## Your goal
Repeat exactly the stretch of lines that starts with the one containing "#illustration #MLC #taco #cactus #blanket" and ends with the last line of the material. Leave out pictures.

## Dataset section
# # # # #
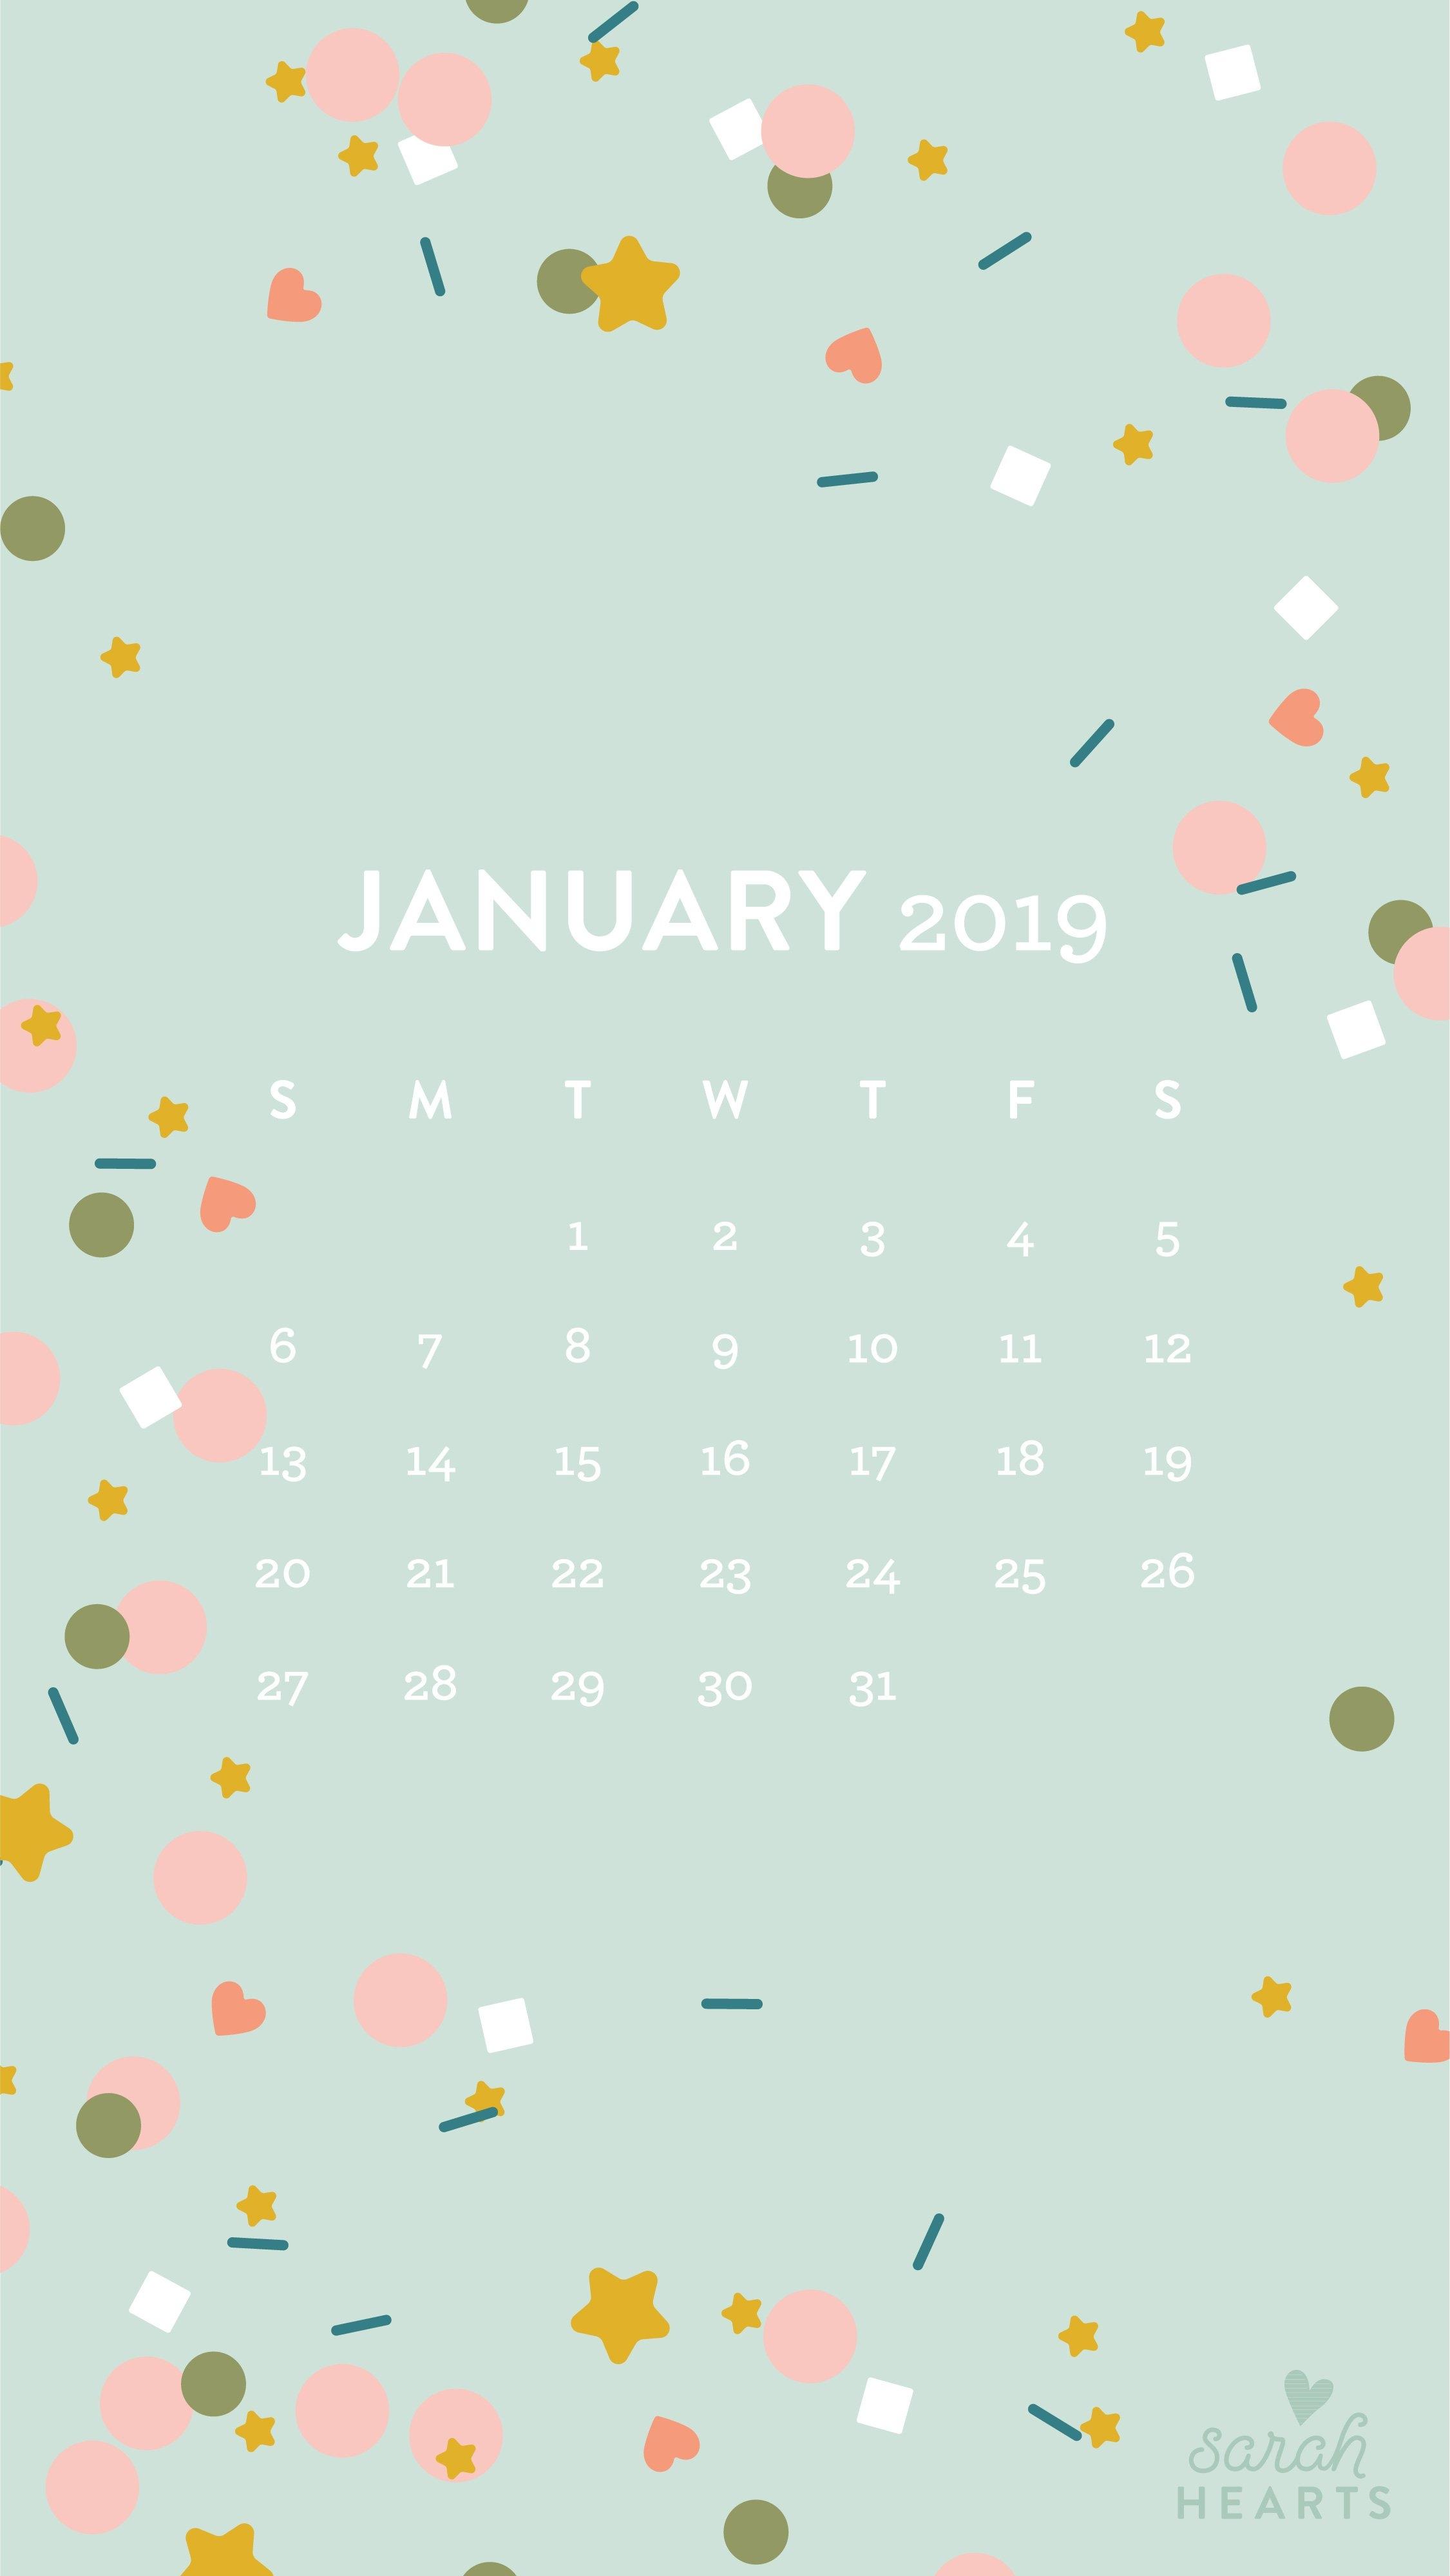 January 2019 Confetti Calendar Wallpaper – Sarah Hearts Calendar 2019 On My Iphone
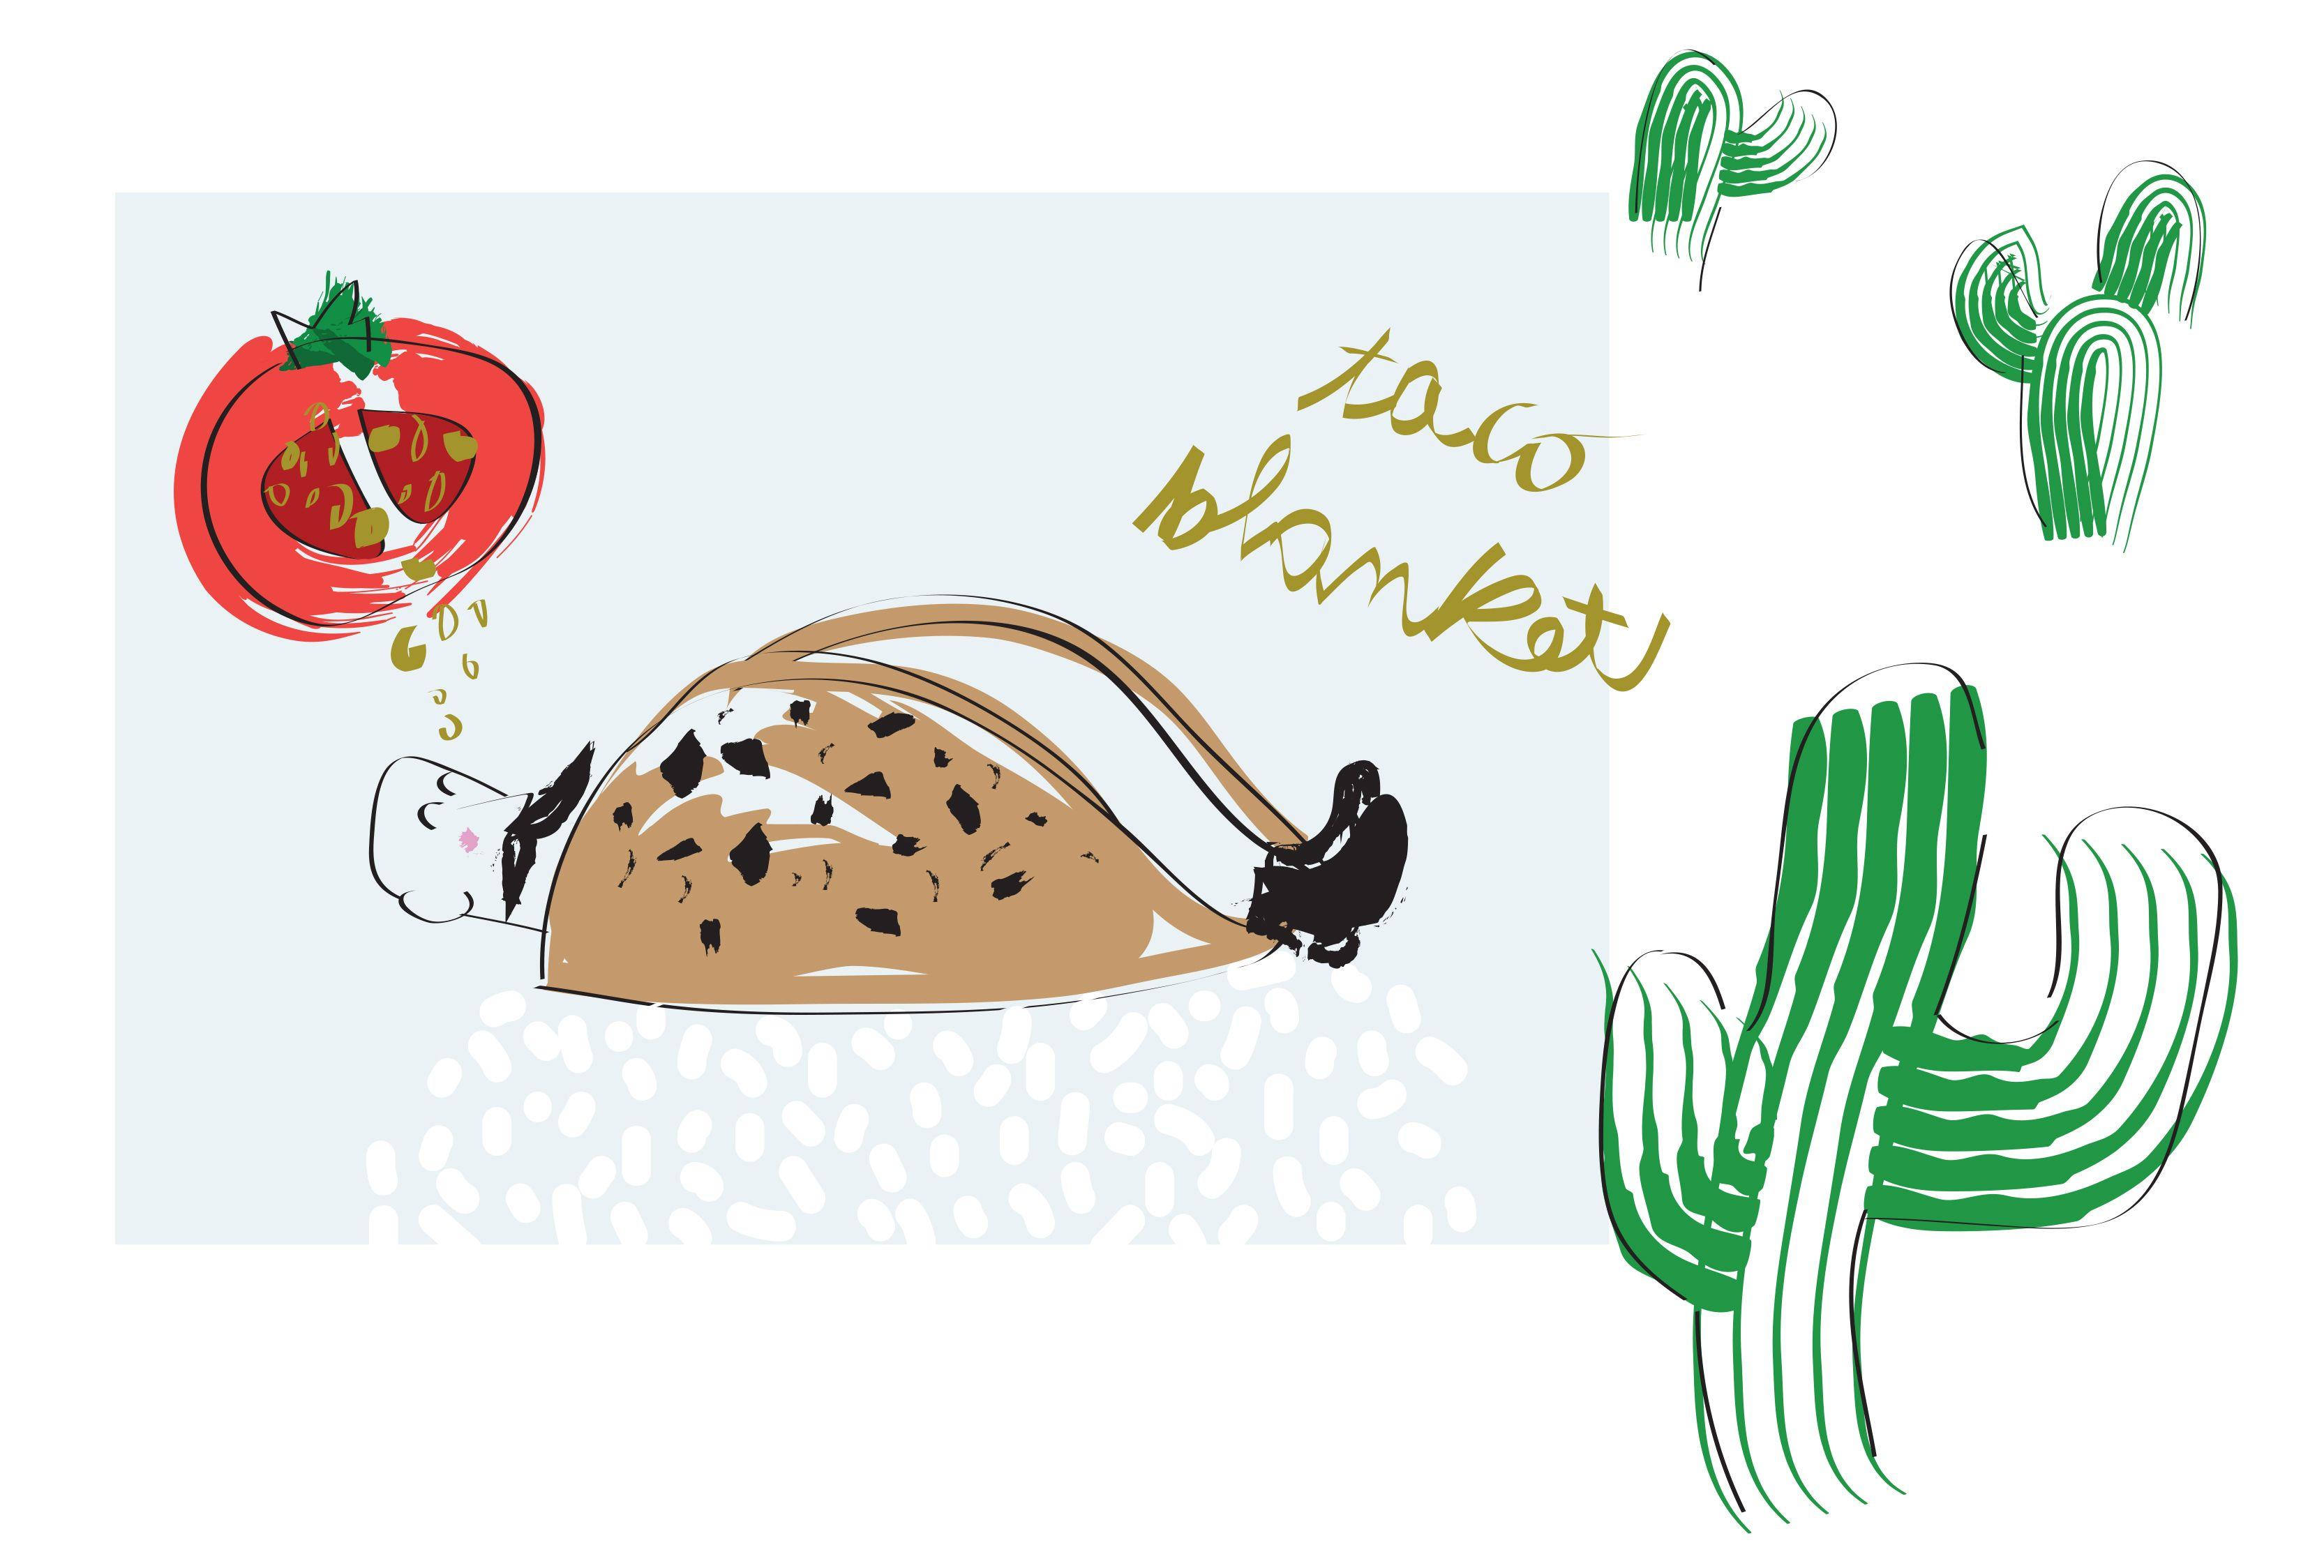 #illustration #MLC #taco #cactus #blanket
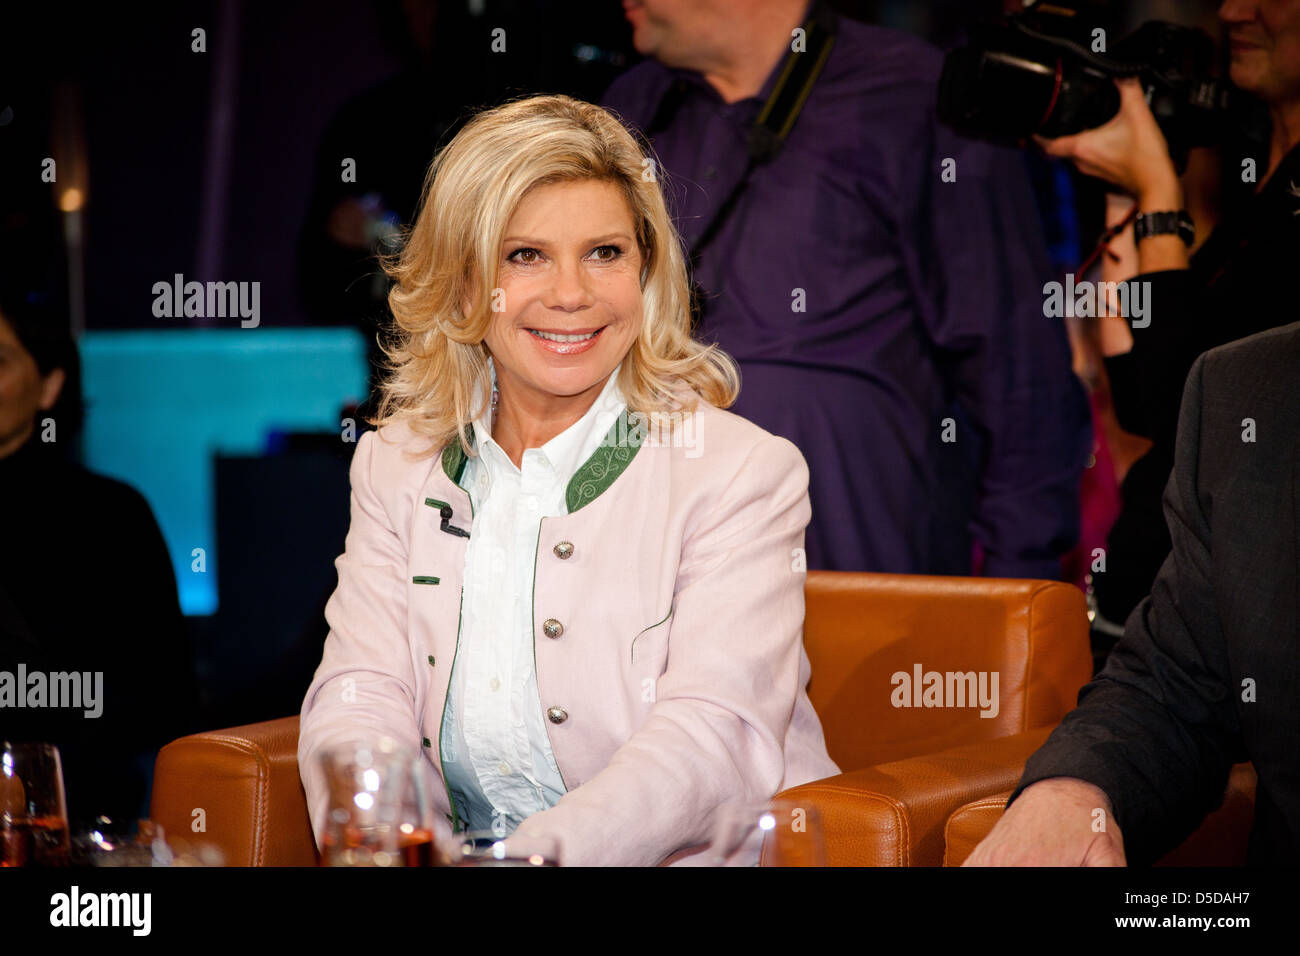 Marianne hartl stockfotos marianne hartl bilder alamy Moderatoren ndr talkshow
# # # # #
## Answer space
 #illustration #MLC #taco #cactus #blanket
 Marianne hartl stockfotos marianne hartl bilder alamy Moderatoren ndr talkshow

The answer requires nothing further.